Ршава подчинился. Они уселись возле огня, поужинали тем, что Ингегерд захватила в Скопенцане, и постепенно согрелись. Когда они шевелились, язычки пламени отбрасывали пляшущие тени на грубые каменные стены. Во время двух толчков с крыши просыпалось немного соломы, но более серьезных последствий они не вызвали.

Вскоре Ршава и Ингегерд начали зевать. Прелат встал и перевернул набитый шерстью крестьянский матрас. Пятна на нем остались, но теперь они были обращены к полу.

— Я бы тоже так сделала, но вы меня опередили, — сказала Ингегерд.

Как и вчера, они улеглись под одеяло спиной к спине и со странной церемонностью пожелали друг другу спокойной ночи. Как и тогда, Ршава мгновенно уснул, точно его ударили по голове. Он уже понял, каким изнеженным стал, оттого что слишком долго жил спокойной жизнью.

Когда посреди ночи его разбудил толчок, дрова в очаге уже превратились в угольки. В доме стало холоднее, и они с Ингегерд прижались друг к другу во сне и обнялись. Она проснулась лишь наполовину и что-то прошептала ему в ухо. Что именно, Ршава не понял, потому что говорила она на родном языке. Но влажная теплота ее дыхания на коже долго не давала ему заснуть.

Он так и не понял, что заснул, пока не дернулся настолько резко, что разбудил и Ингегерд.

— Что случилось? — прошептала она. — Что-то снаружи? Кто?

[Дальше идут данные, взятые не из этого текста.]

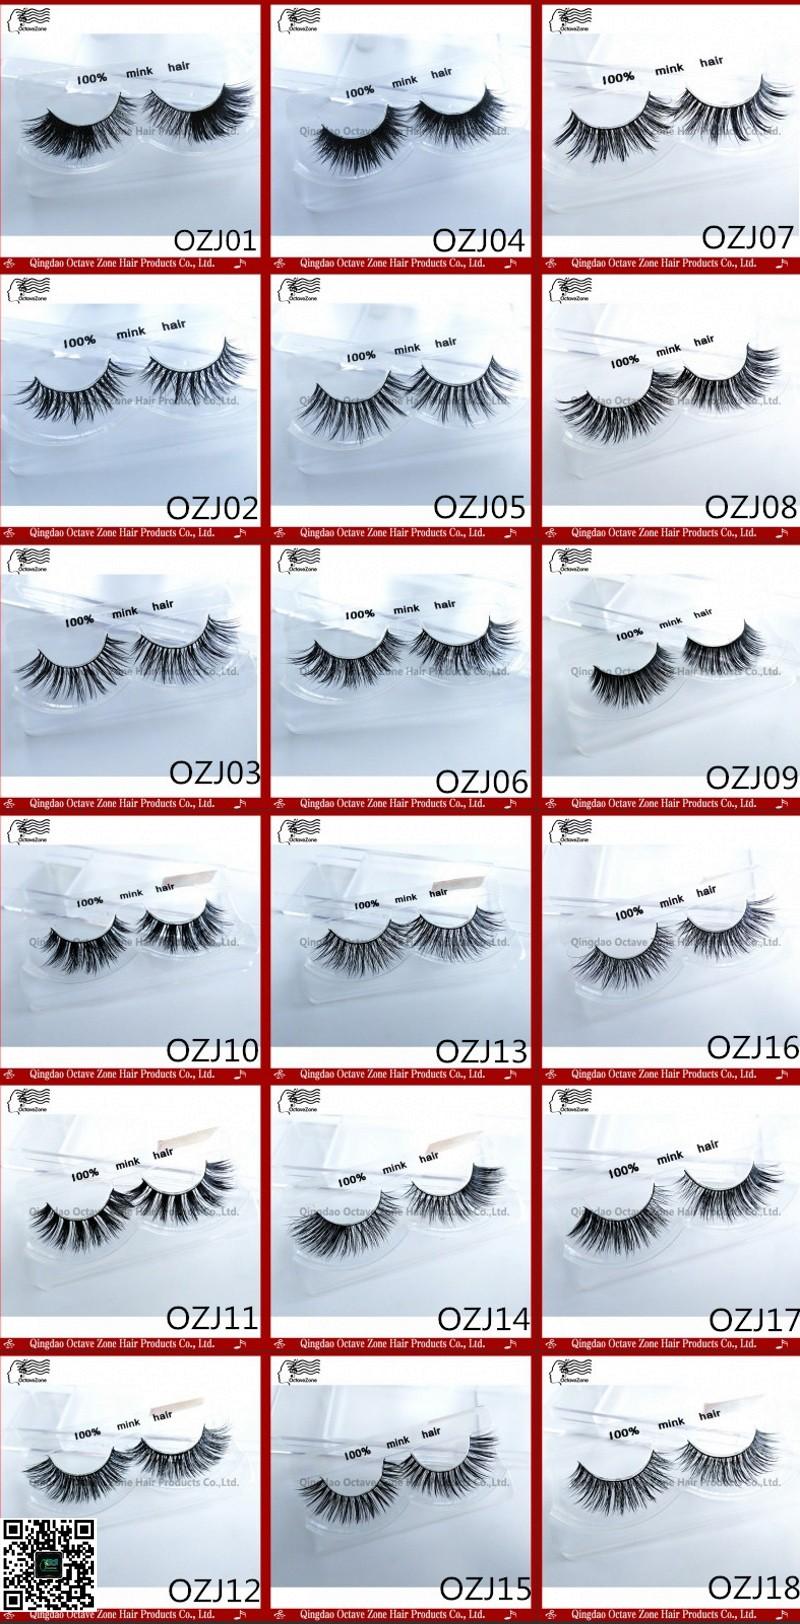 2a60c112815 False Eyelashes Manufacturer Real Mink Strips Eyelashes With Custom Package  Custom Eyelash Box

— Нет, — ответил он, злясь на весь мир. — Меня укусил клоп. — И лишь через секунду, вспомнив, добавил: — Извини, что разбудил.

Она пожала плечами:

— За это вас нельзя винить. То же самое и со мной может случиться.

— Ты очень добра.

Поскольку она проснулась, Ршава почесался. Спустя несколько секунд почесалась и она. Ингегерд рассмеялась; Ршава смеяться не стал. Он не привык к укусам клопов. Интересно, они уже кусали тех несчастных крестьян или их привезли хаморы? Скорее всего, решил он, верны оба ответа.

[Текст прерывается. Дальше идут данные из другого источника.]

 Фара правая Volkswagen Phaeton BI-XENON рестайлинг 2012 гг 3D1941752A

Он почесался еще несколько раз, а потом заснул, несмотря на насекомых. Когда он вновь проснулся, сквозь щели в закрытых ставнях просачивался тусклый рассвет. Они с Ингегерд опять лежали лицом к лицу обнявшись. Он понимал, что ему следует отодвинуться, если он сможет это сделать, не разбудив ее.

Вместо этого его руки сами собой — или так ему показалось — сжали ее крепче. Это не разбудило женщину, или не совсем разбудило: она что-то пробормотала, но потом вновь задышала глубоко и ровно. Зато разбудило его, а точнее — возбудило, и гораздо сильнее, чем Ршава мог представить. Мягкое давление ее груди на его грудь, соприкосновение животов…

И он ощутил, как некая часть его тела давит на ее живот, и отнюдь не мягко. Ингегерд тихо рассмеялась и пробормотала: «Гимерий». Да, она знала, что означает такое давление, привыкла к нему и даже приветствовала — для мужа…

Глаза ее открылись — всего в нескольких дюймах от глаз Ршавы. Секунду-другую она явно не соображала, кто он или где она находится. Прелат ожидал, что она отпрянет с ужасом, даже с отвращением. И она действительно отодвинулась, но медленно и спокойно. Вздохнув, она кивнула.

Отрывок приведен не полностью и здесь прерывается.